Гиалуронидазную акт-ть опред-ют ,прибавляя к 0.5 мл бульонной культуры стаф-ка 0.5 мл гиалуроновой к-ты с пупочного канатика . смесь инкубируют 30 мин при 37 С и 10мин при 4С. В прбирку добавляют 4 кап. 15% уксусной к-ты , встряхивая и через 5 мин делают учет рез-ов. Отсутствие сгустка- наличие гиалуронидазы, наличие сгустка- ее отсутствие . Для изготовления к-ты свежую пуповину новорожденных измельчают и заливают водой. Смесь выдерживают 24ч в холодильнике , затем нагревают и кипятят до свертывания кусочков пуповины. Полученный гиалуронт фильтруют через ватно-марлевый фильтр и проверяют на юбраз-ие сгустка
12. Мембраноповреждающие токсины , разновидности , мех-м действия
Мембраноповреждающие токсины- альфа,бета,гамма,дельта. Ранеее описывали как гемолизины, некротоксины, лейкоцидины, летальные токсины, т.е. по хар-ру действия: гемолиз эр-ов,некроз при в\к введении кролику, разрушение лейк-в, смерть кролика при в\в введении. Такой эффект вызывает один и тот же фактор-мнмбраноповреждающийтоксин . ОН обладает цитолитическим действием, по отношению к различным клеткам. Мол-лы токсина связ-ся с неизвестными пока рецепторами мембраны клетки-мишени или адсорбируются липидами, затем форм-ют 7 мол-л грибовидный гептамер, состоящий из 3 доменов. Домены ,формирующие шляпку и край, расположены на внешней поверхности мембран, а домен ножки служит трансмембранным каналом –порой. Через нее происходит вход и выход молекул и ионов , вкдущии к набуханию и гибели кл.,и осмотическому лизису эр-ов.

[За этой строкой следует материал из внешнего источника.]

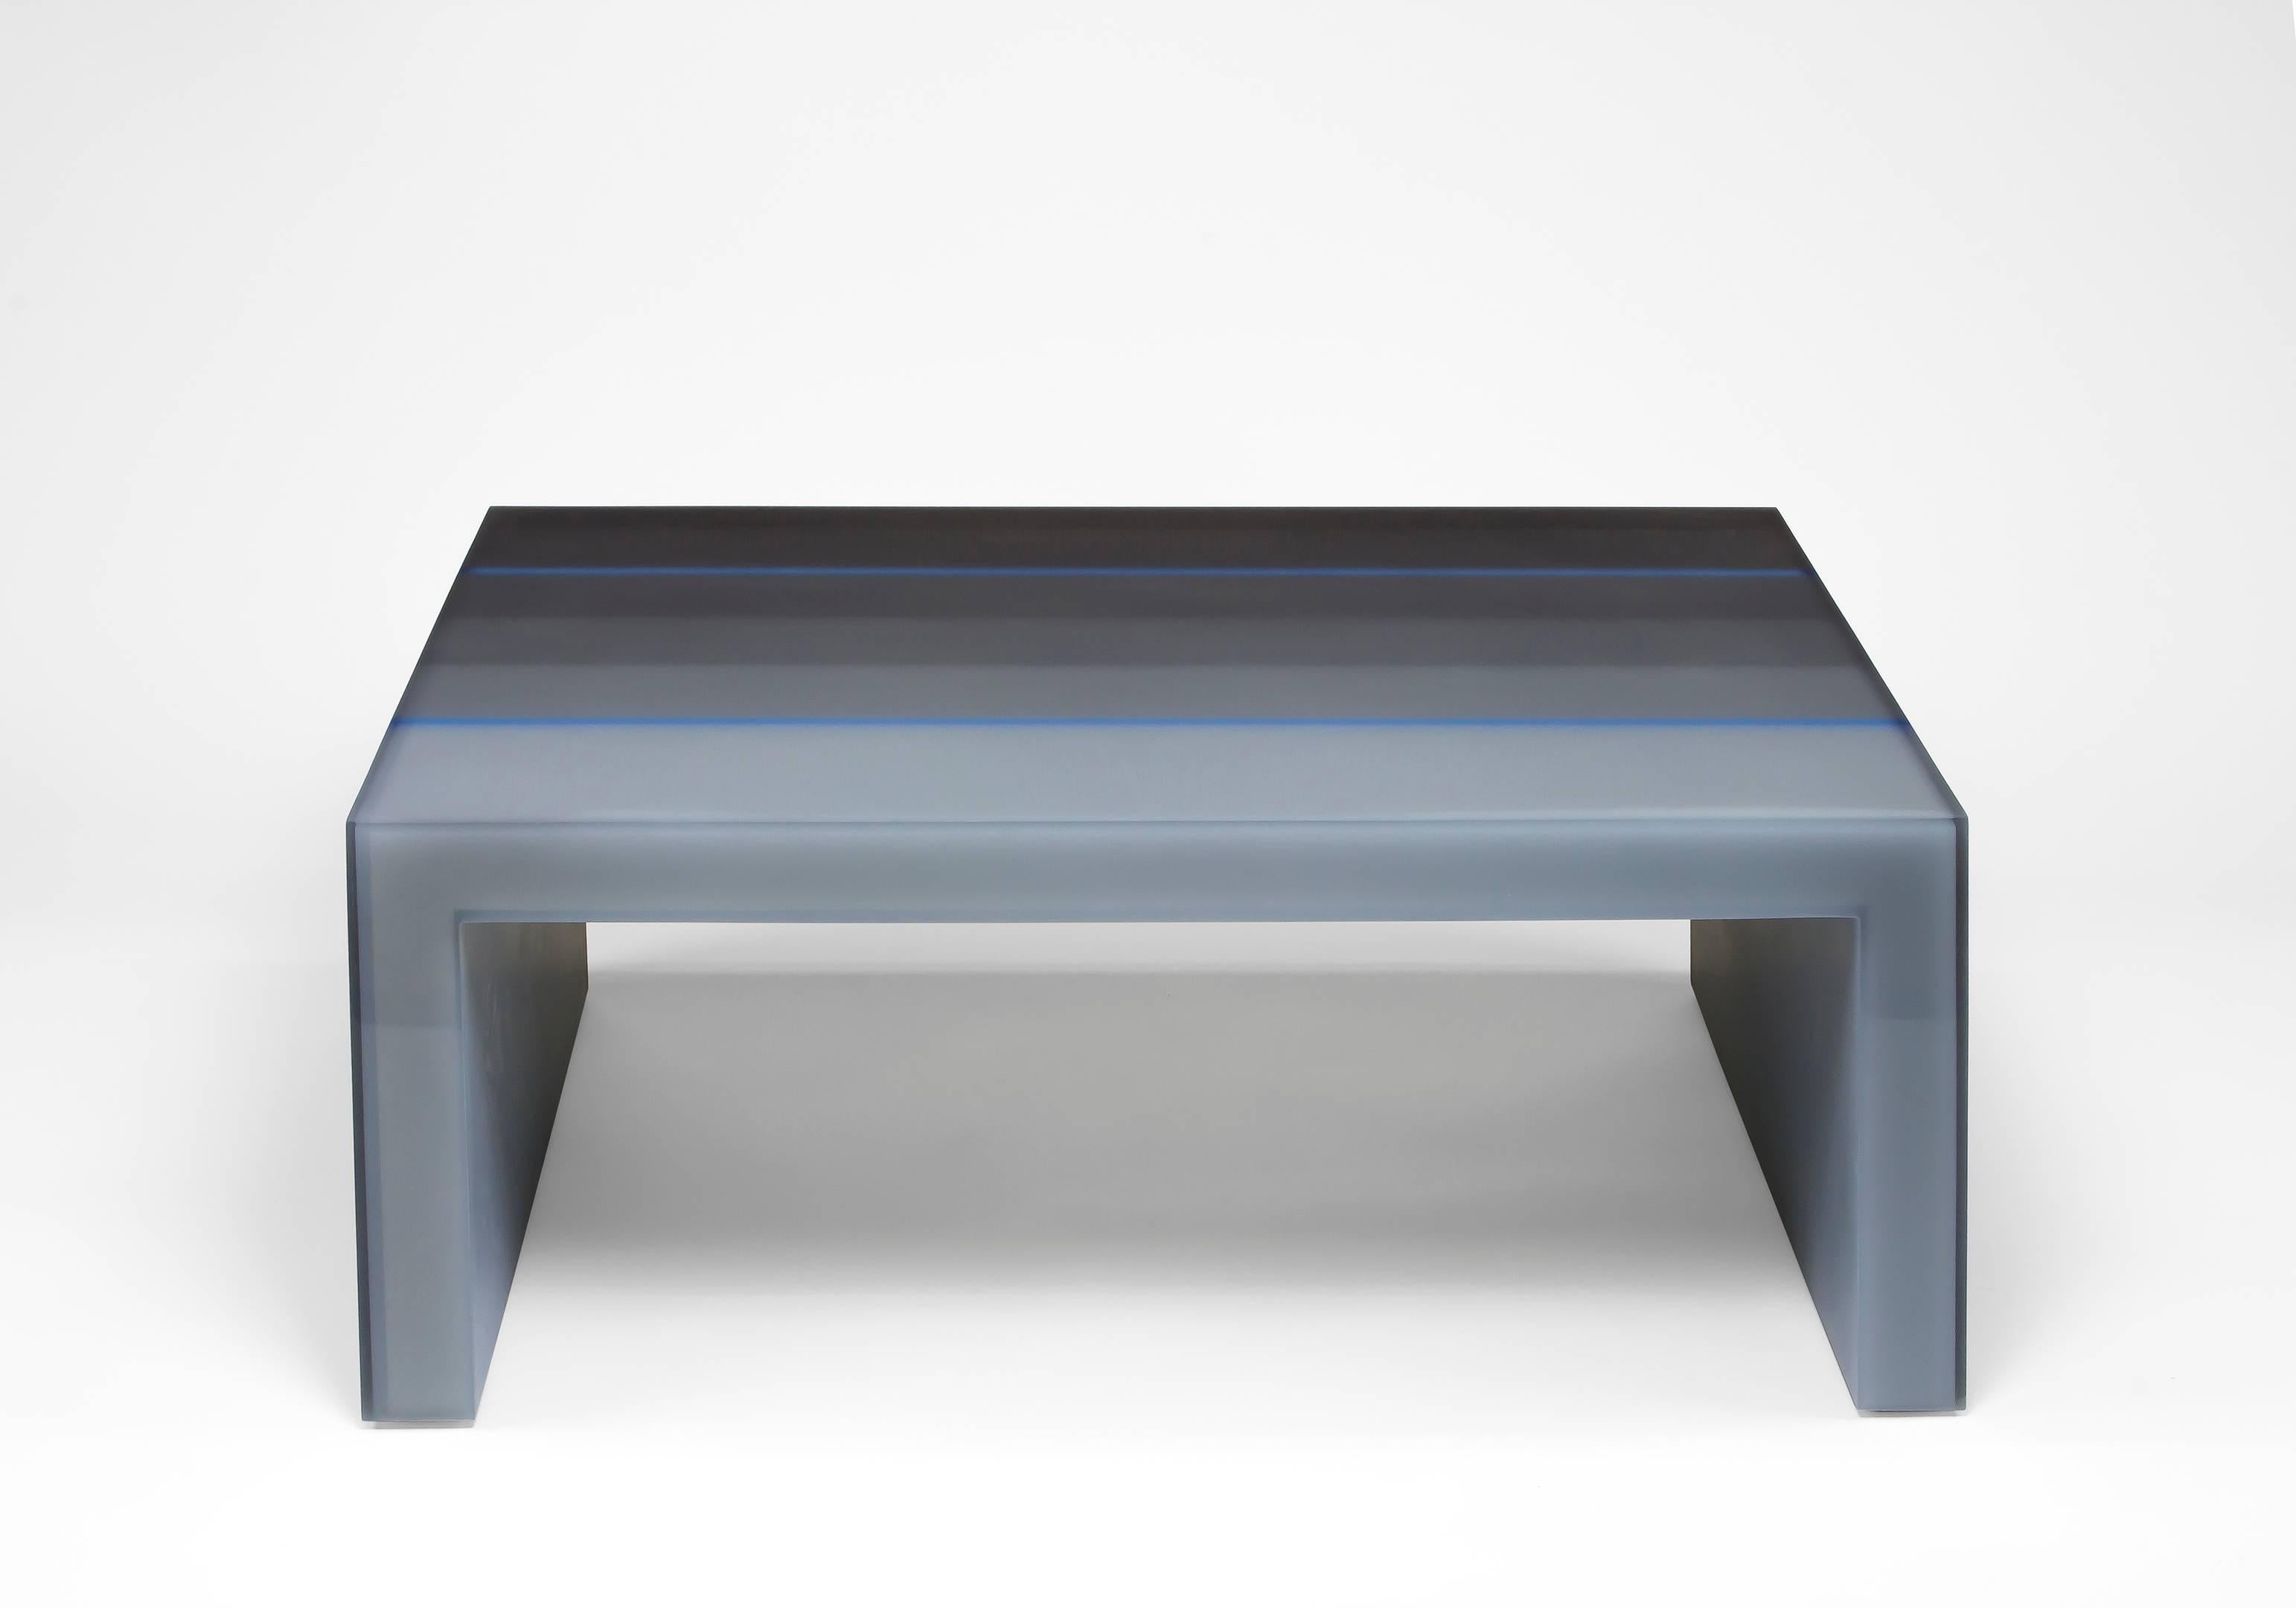 This coffee table uses Facture Studio's gradient style to transition in six layers from a deep opaque to water clear gray over a light gray resin core. Two water clear blue lines disrupt the gradient and contrast the their opacity. The interior and

13. СВ-ва стаф-х энтеотоксинов?
Энтеротоксины А, В, С1, С2, С3, D, Е. Они характеризуются антигенной специфичностью, термостабильностью, устойчивостью к действию формалина(не превращаются в анотоксины) и пищеварительных ферментов. Энтеротоксины –низкомолекулярные белки от 26 до 34 кД со св-ми суперантигенов.
14. Как у стаф-в определяют наличие плазмокоагулазы?

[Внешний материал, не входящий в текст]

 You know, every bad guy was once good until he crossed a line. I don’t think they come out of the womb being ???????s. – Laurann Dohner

Плазмокоагулазу выявляют путем внесения выделенной культуры в пробирку с цитратной плазмы кролика. У кролика из сердца берут 8 мл крови, вносят в пробирку с 2 мл 5% лимонно-кислого натрия и ставят в холодильник. После полной осадки форменных элементов плазму отсасывают в стерильную пробирку. Она может храниться в холодильнике 8-10 дней. Перед использованием ее разводят 1:5 (1 мл плазмы и 4 мл изотонического раствора хлорида натрия) и разливают в аглютинацийни стерильные пробирки по 0,5 мл. Полную петлю культуры стафилококков эмульгируют в плазме и помещают в термостат на 3 часа, затем оставляют при комнатной температуре на 18-20 часов. Предварительный учет свертывания плазмы проводят через 3 ч, окончательный - на второй день. Очень удобно пользоваться стандартной сухой цитратной плазмы кролика. Перед употреблением в ампулу добавляют 1 мл изотонического раствора хлорида натрия и после полного растворения ее разводят 1:5. Плазма человека малопригодна для постановки реакции плазмокоагуляции, поскольку в ней могут быть консерванты, лекарственные вещества, антитела, которые могут подавлять образование плазмокоагулаза.